In the United States, the Fair Housing Act prohibits discrimination based on race, color, religion, sex, national origin, familial status, or disability. This means that landlords cannot discriminate against individuals based on their citizenship status. Asking for proof of citizenship during the tenant screening process could potentially be seen as a violation of this act.   

It is important to remember that the purpose of tenant screening is to evaluate an applicant’s ability to pay rent, maintain the property, and be a responsible tenant. Proof of citizenship does not provide any relevant information in this regard.  

However, landlords and property managers can still request identification documentation as part of the tenant screening process. This may include a driver’s license or a social security number to verify an applicant’s identity and conduct a background check.  
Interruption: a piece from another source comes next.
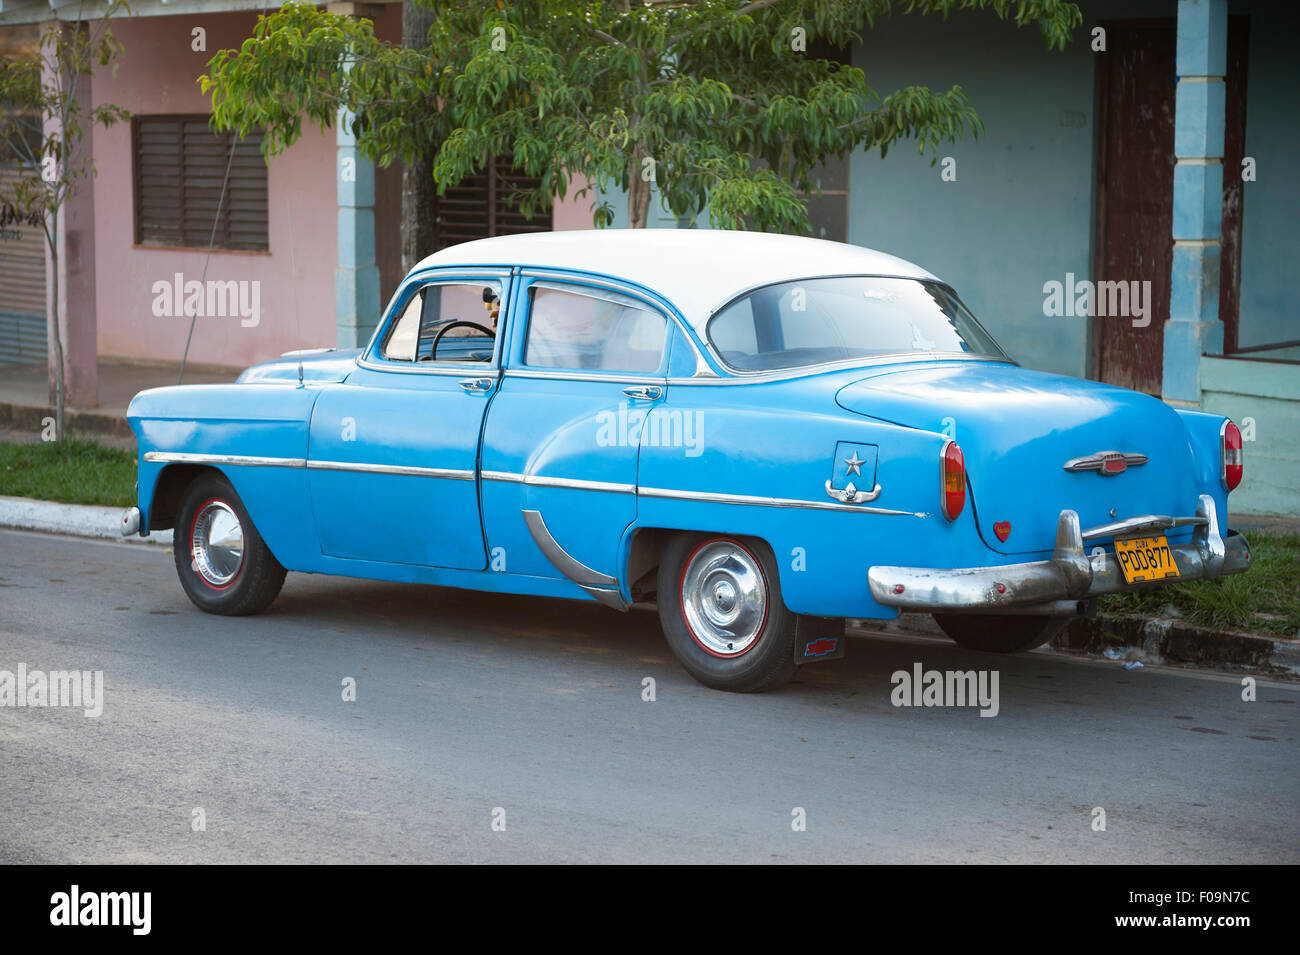 VINALES, Kuba - 20. Mai 2011: Klassische amerikanische Auto steht vor geparkt traditionelle einfache Wohnarchitektur. Stockfoto

Small Pets won’t be an Issue  

Many landlords and property managers assume that small pets will not cause any issues during the tenant screening process. However, this is a common misconception. While small pets may not cause as much damage as larger ones, they can still be a source of concern for landlords.  

Firstly, small pets can still cause damage to the property. They may chew on furniture, scratch walls and floors, or have accidents that can leave stains or odors. This damage can result in costly repairs and cleaning fees.  

Secondly, some tenants may have allergies or phobias related to small pets. This can lead to discomfort or health issues for the tenant, which may result in them breaking the lease or requesting accommodations that the landlord may not be able to provide.   

Lastly, small pets can also be a nuisance to neighbors. Excessive barking, meowing, or other disruptive behaviors can lead to complaints and strained relationships between tenants.  

To avoid these issues, landlords should consider implementing a pet policy that outlines the rules and expectations for tenants with small pets. This can include pet deposits, additional cleaning fees, and restrictions on certain breeds or sizes of pets. By addressing these concerns upfront, landlords can ensure a smoother tenant screening process and minimize potential issues related to small pets.  


In conclusion, debunking common myths about tenant screening is crucial for landlords and property managers. By relying on credit scores alone, neglecting references, or disregarding applicants’ ability to pay rent, potential risks may arise.  

It is important to trust your instincts while also considering objective criteria in order to make informed decisions. By debunking these myths, landlords can ensure a more successful and secure tenant screening process.